▶ [ABOUT THIS EXERCISE]: Return exactly the lines of the records below, starting at the line that contains "kitchen sinks compact" and ending at the line that contains "karl lagerfeld store", with both of those lines kept.

▶ [INPUT FOR THIS TASK]:
━━━━━━━━━━

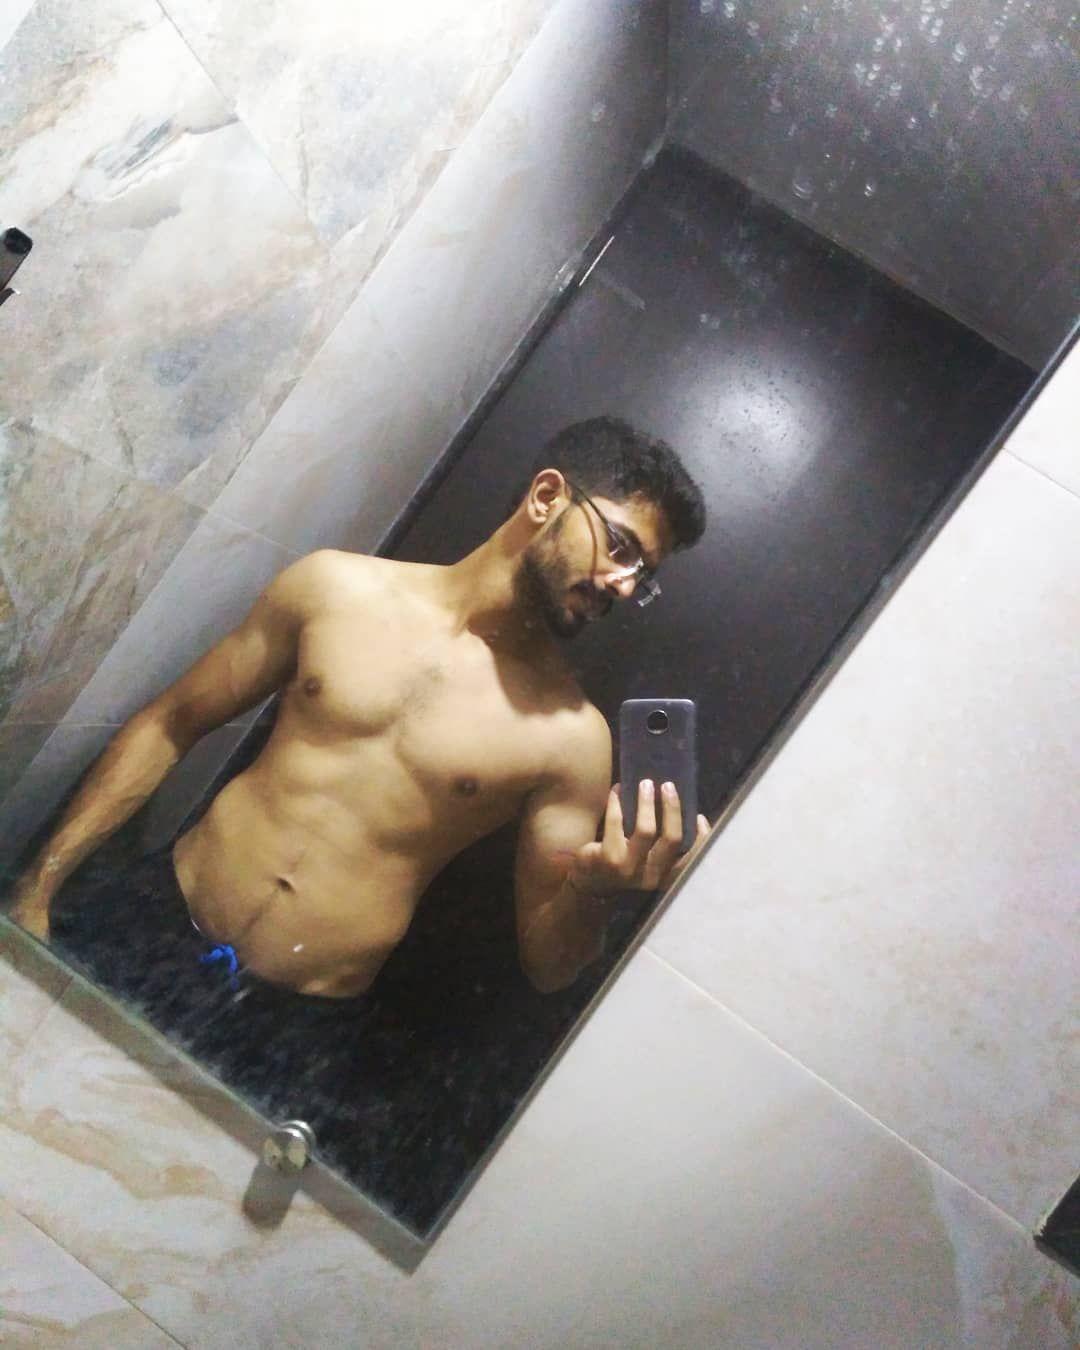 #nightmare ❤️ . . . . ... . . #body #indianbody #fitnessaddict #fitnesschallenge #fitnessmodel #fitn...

━━━━━━━━━━

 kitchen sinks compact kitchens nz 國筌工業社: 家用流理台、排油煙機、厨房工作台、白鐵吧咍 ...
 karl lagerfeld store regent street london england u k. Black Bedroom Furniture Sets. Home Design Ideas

━━━━━━━━━━

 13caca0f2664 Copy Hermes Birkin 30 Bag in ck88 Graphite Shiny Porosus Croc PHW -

━━━━━━━━━━

▶ [THE ANSWER]:
 kitchen sinks compact kitchens nz 國筌工業社: 家用流理台、排油煙機、厨房工作台、白鐵吧咍 ...
 karl lagerfeld store regent street london england u k. Black Bedroom Furniture Sets. Home Design Ideas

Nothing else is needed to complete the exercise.